Because the foregoing programming operation (and similarly an erase operation) for the 3-transistor (TR) memory cell unit of the XIP flash memory is accomplished using F-N tunneling, the operation(s) may be performed at relatively high-speeds. Unfortunately, the XIP flash memory array implemented according to this memory cell unit design occupies a relatively large area, due to the plurality of selection lines required to program one memory cell unit.

SUMMARY OF THE INVENTION

In one embodiment, the invention provides a memory cell unit in a flash memory, comprising; a memory cell transistor having a gate coupled to a word line and a drain coupled directly to a bit line without intervening selection transistor, and a selection transistor having a gate coupled to a selection signal line, the selection transistor connecting a source of the memory cell transistor to a common source line.
In another embodiment, the invention provides a flash memory device, comprising; a memory cell array including a plurality of memory cell units coupled to a plurality of bit lines, a switch circuit selecting between the plurality of bit lines and supplying a selected bit line with a set-up voltage, a write circuit supplying the selected bit line with a programming voltage corresponding to programming data, and a control circuit controlling the switch circuit to pre-charge the plurality of bit lines to the set-up voltage during a bit line set-up phase of a programming operation, and to cut off the set-up voltage to the selected bit line during a program execution phase of the programming operation.
In another embodiment, the invention provides a method of programming a flash memory device, the flash memory device comprising a plurality of memory cell units, each memory cell unit comprising a memory cell transistor having a gate coupled to a word line and a drain coupled directly to a bit line without intervening selection transistor, and a selection transistor having a gate coupled to a selection signal line, the selection transistor connecting a source of the memory cell transistor to a common source line; the method comprising; charging bit lines coupled to the plurality of memory cell units to a set-up voltage, but inhibiting development of the set-up voltage on a bit line associated with a selected memory cell unit, and thereafter biasing the bit line associated with the selected memory cell unit to either ground or a floating state in accordance with programming data.

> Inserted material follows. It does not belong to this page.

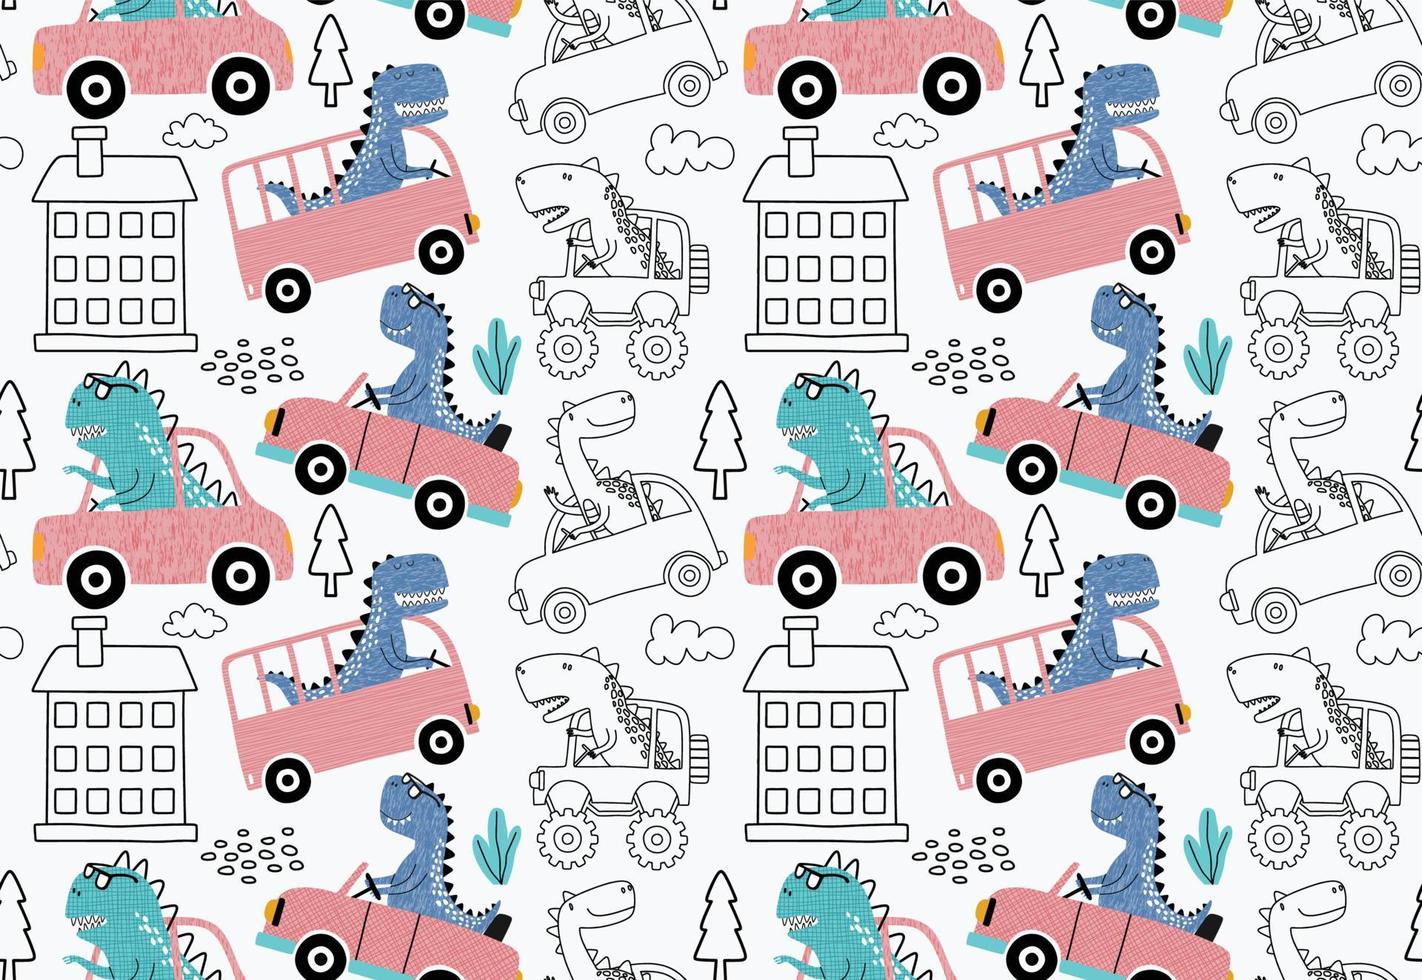 patrón impecable con lindos dinosaurios conduciendo autos. 14864190 Vector  en Vecteezy

BRIEF DESCRIPTION OF THE DRAWINGS

Embodiments of the invention will be described with reference to the accompanying drawings, wherein like reference numerals refer to like or similar elements. In the drawings:

FIG. 1 is a circuit diagram of a cell structure for a conventional XIP flash memory;

FIG. 2 is a circuit diagram illustrating a cell structure for an XIP flash memory according to an embodiment of the invention;

FIG. 3 is a block diagram further illustrating a functional structure for an XIP flash memory device according to an embodiment of the invention;

FIG. 4 is a circuit diagram further illustrating the switch circuit of FIG. 3;

FIG. 5 is a timing diagram further illustrating a programming operation for an XIP flash memory according to an embodiment of the invention; and

FIG. 6 is a table listing exemplary bias conditions for respective operations associated with an XIP flash memory device according to an embodiment of the invention.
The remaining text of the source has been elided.